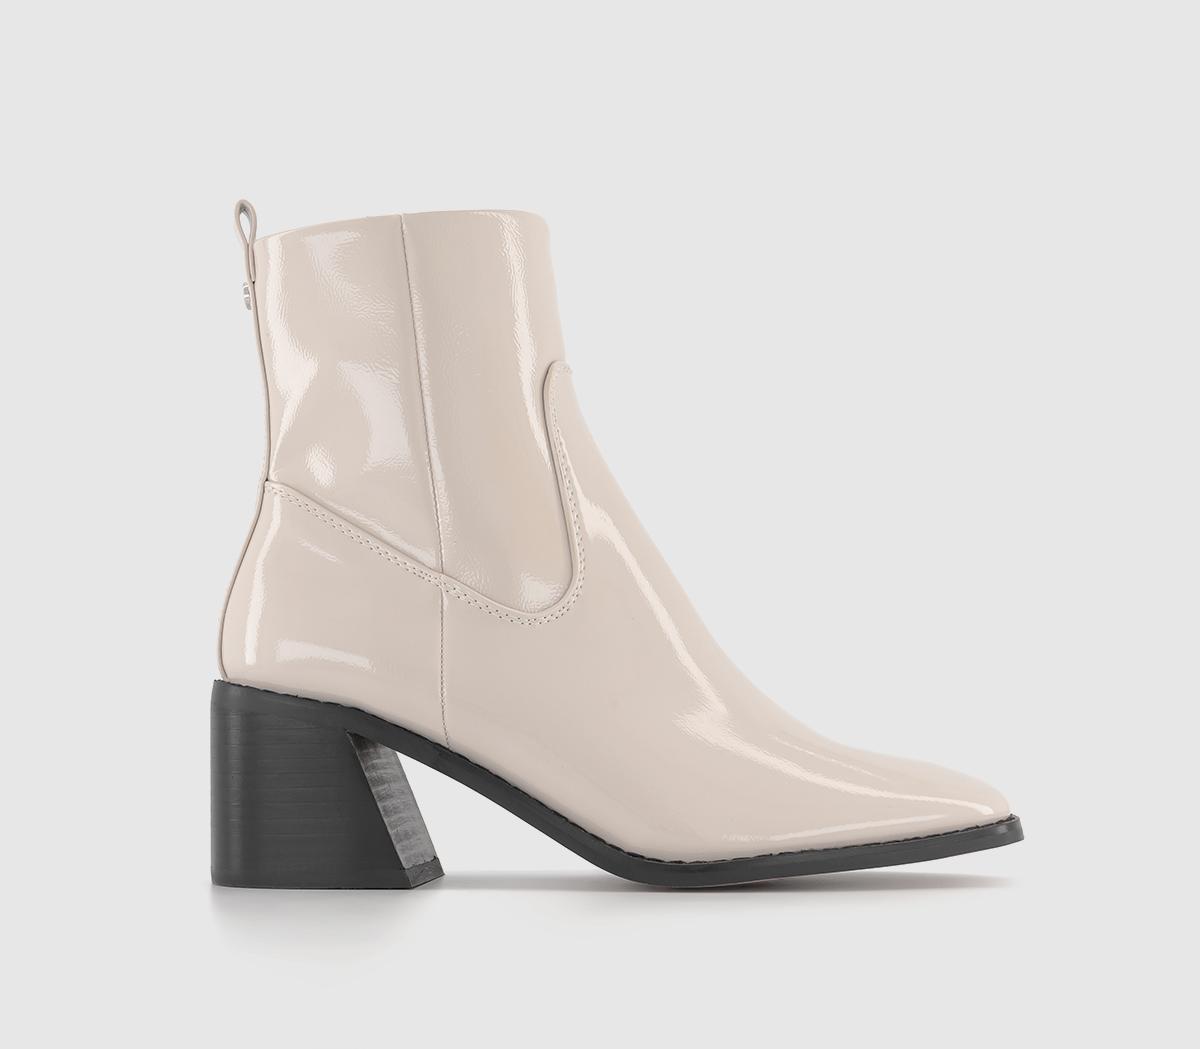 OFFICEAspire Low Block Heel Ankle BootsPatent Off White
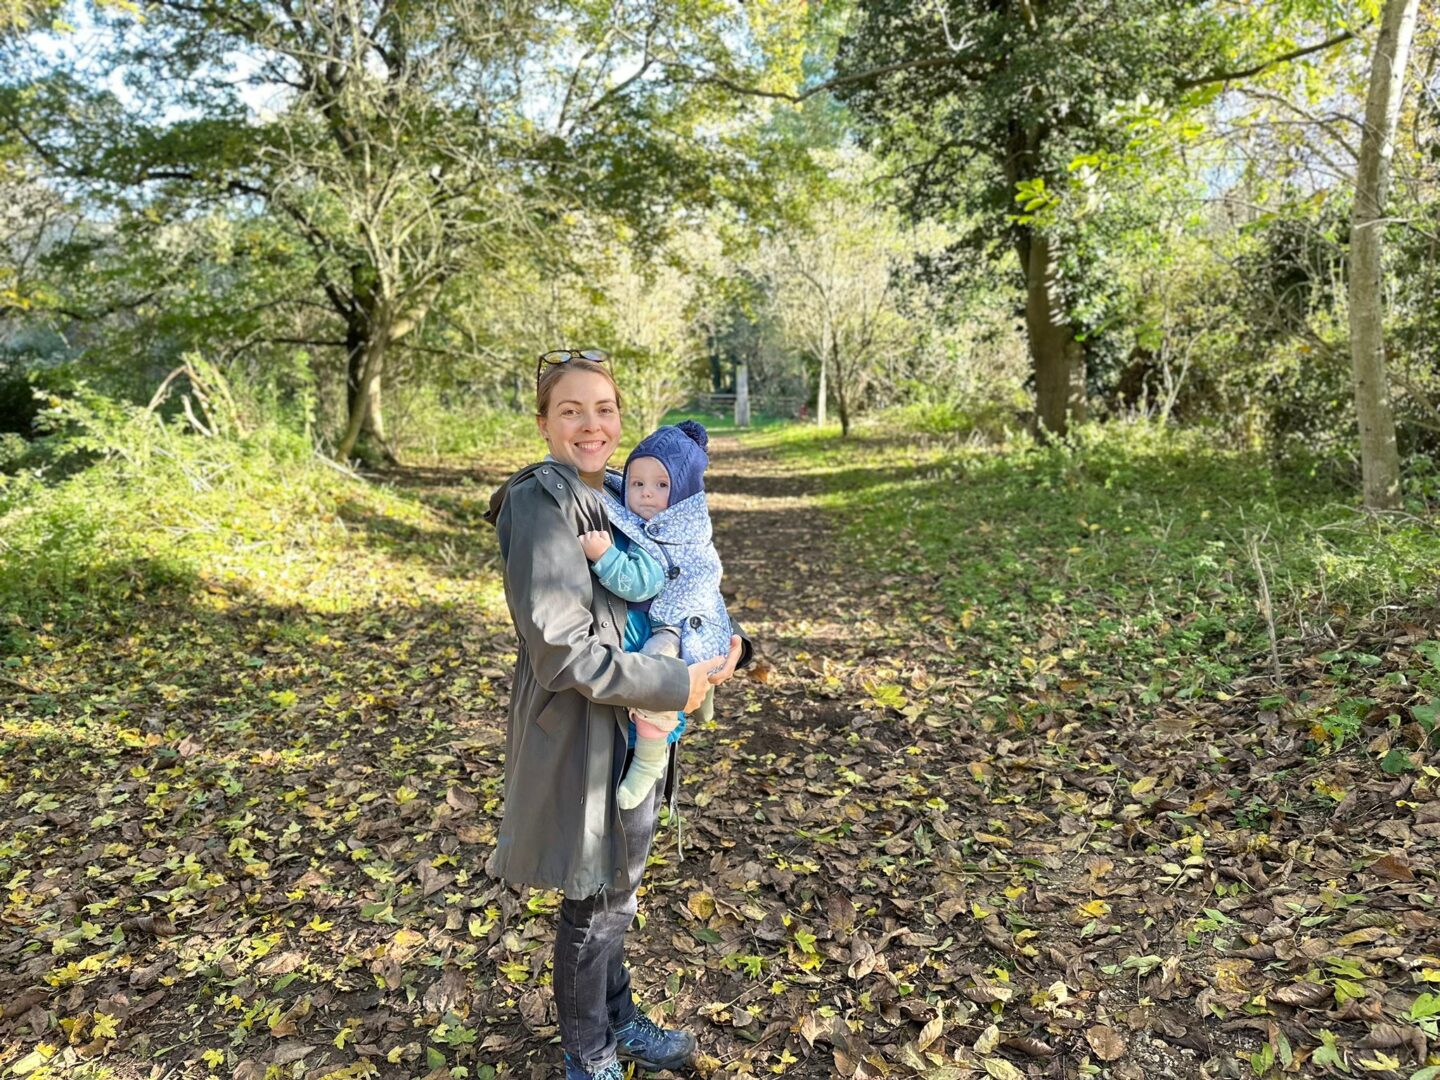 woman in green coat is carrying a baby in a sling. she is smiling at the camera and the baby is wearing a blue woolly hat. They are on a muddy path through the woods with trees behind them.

==

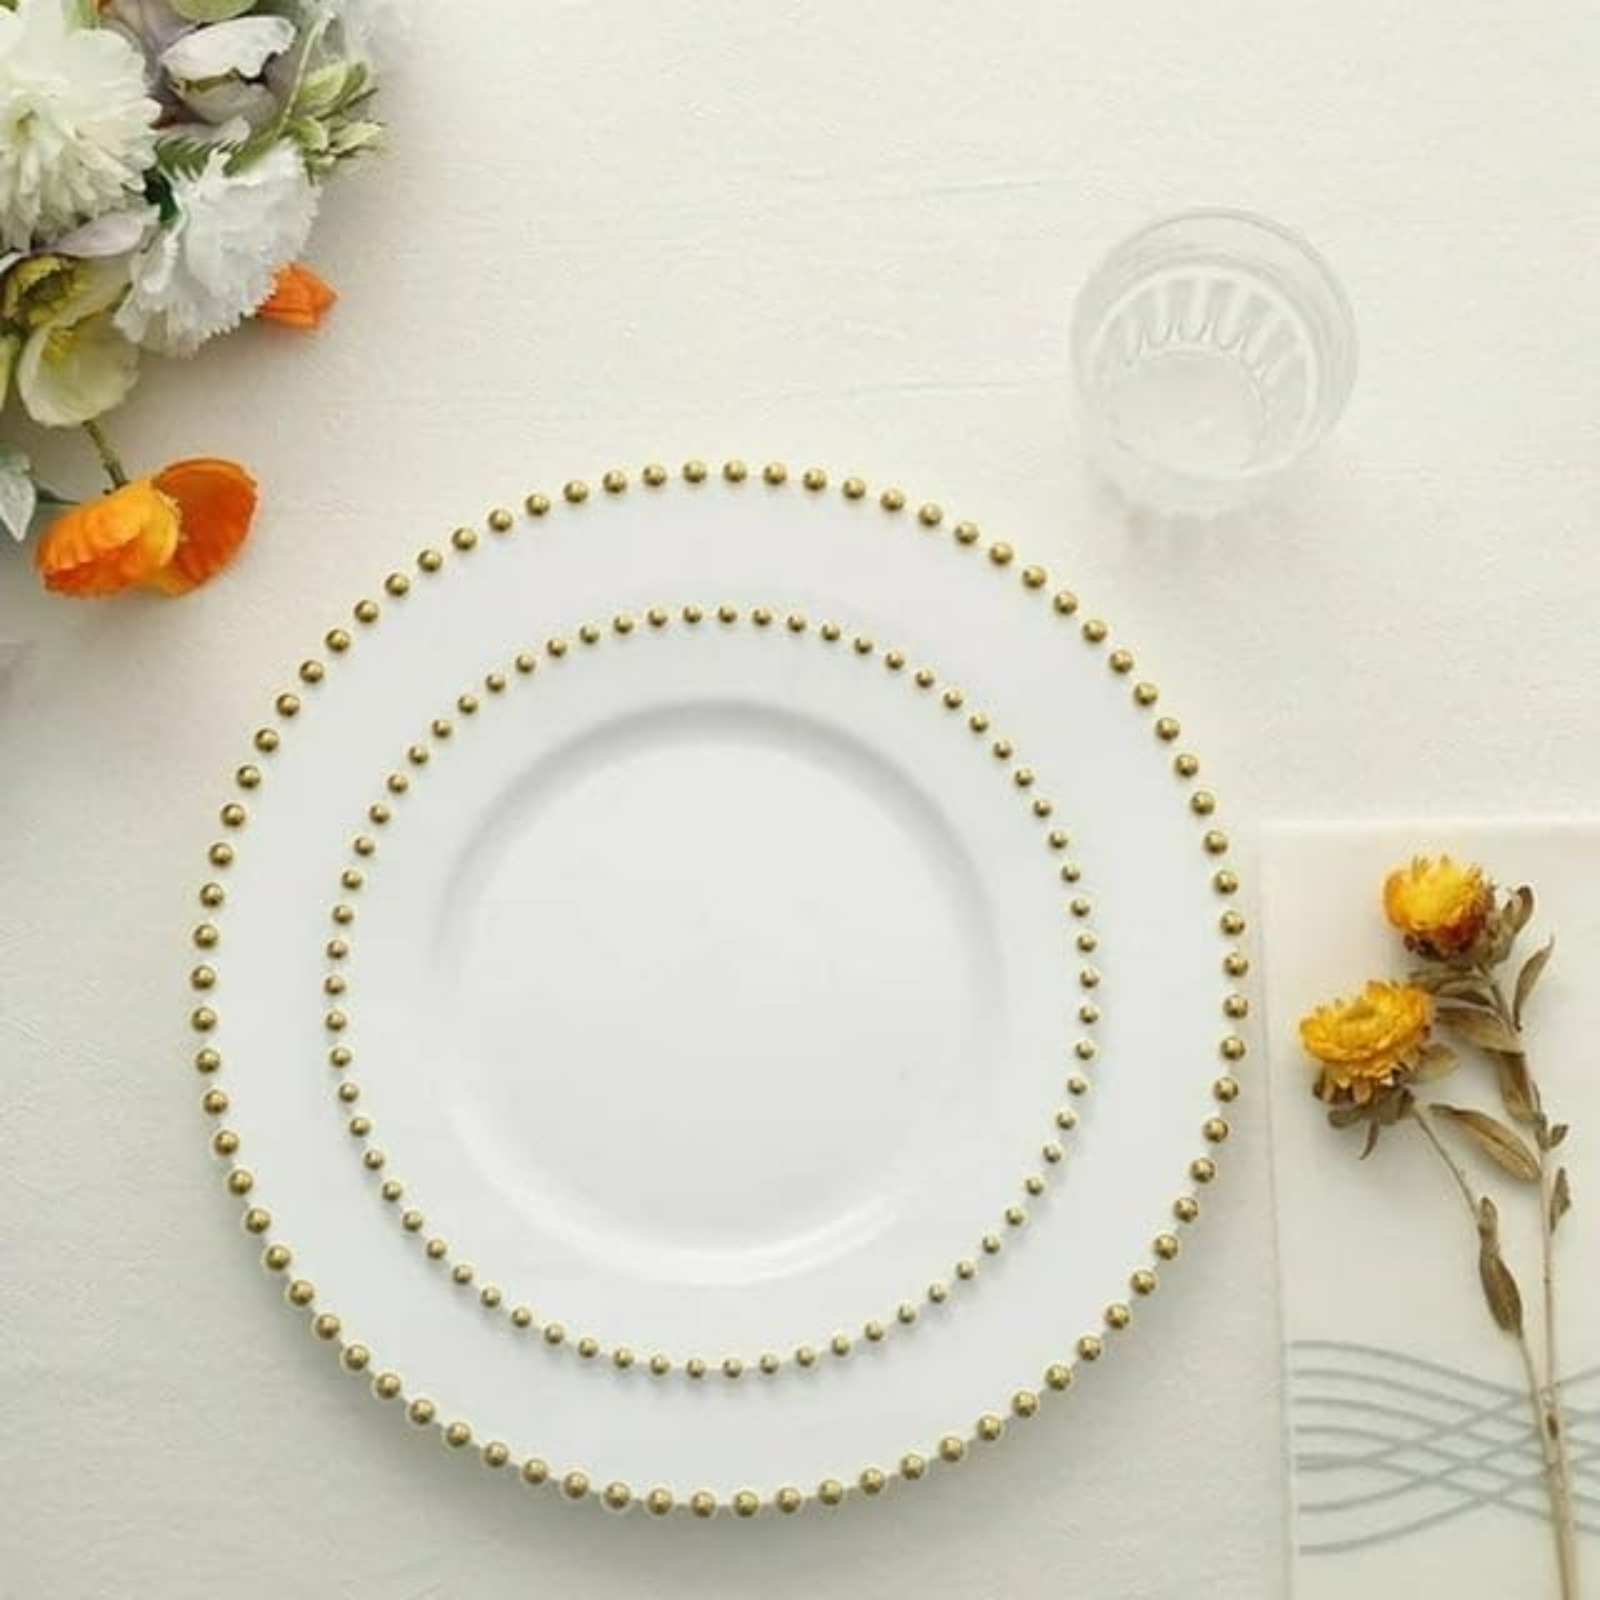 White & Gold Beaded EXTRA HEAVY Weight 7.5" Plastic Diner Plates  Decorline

### Brief
From the records above, copy only the lines running from the line holding "OFFICEAspire Low Block" through the line holding "woman in green", with no pictures.

### Exercise response
 OFFICEAspire Low Block Heel Ankle BootsPatent Off White
 woman in green coat is carrying a baby in a sling. she is smiling at the camera and the baby is wearing a blue woolly hat. They are on a muddy path through the woods with trees behind them.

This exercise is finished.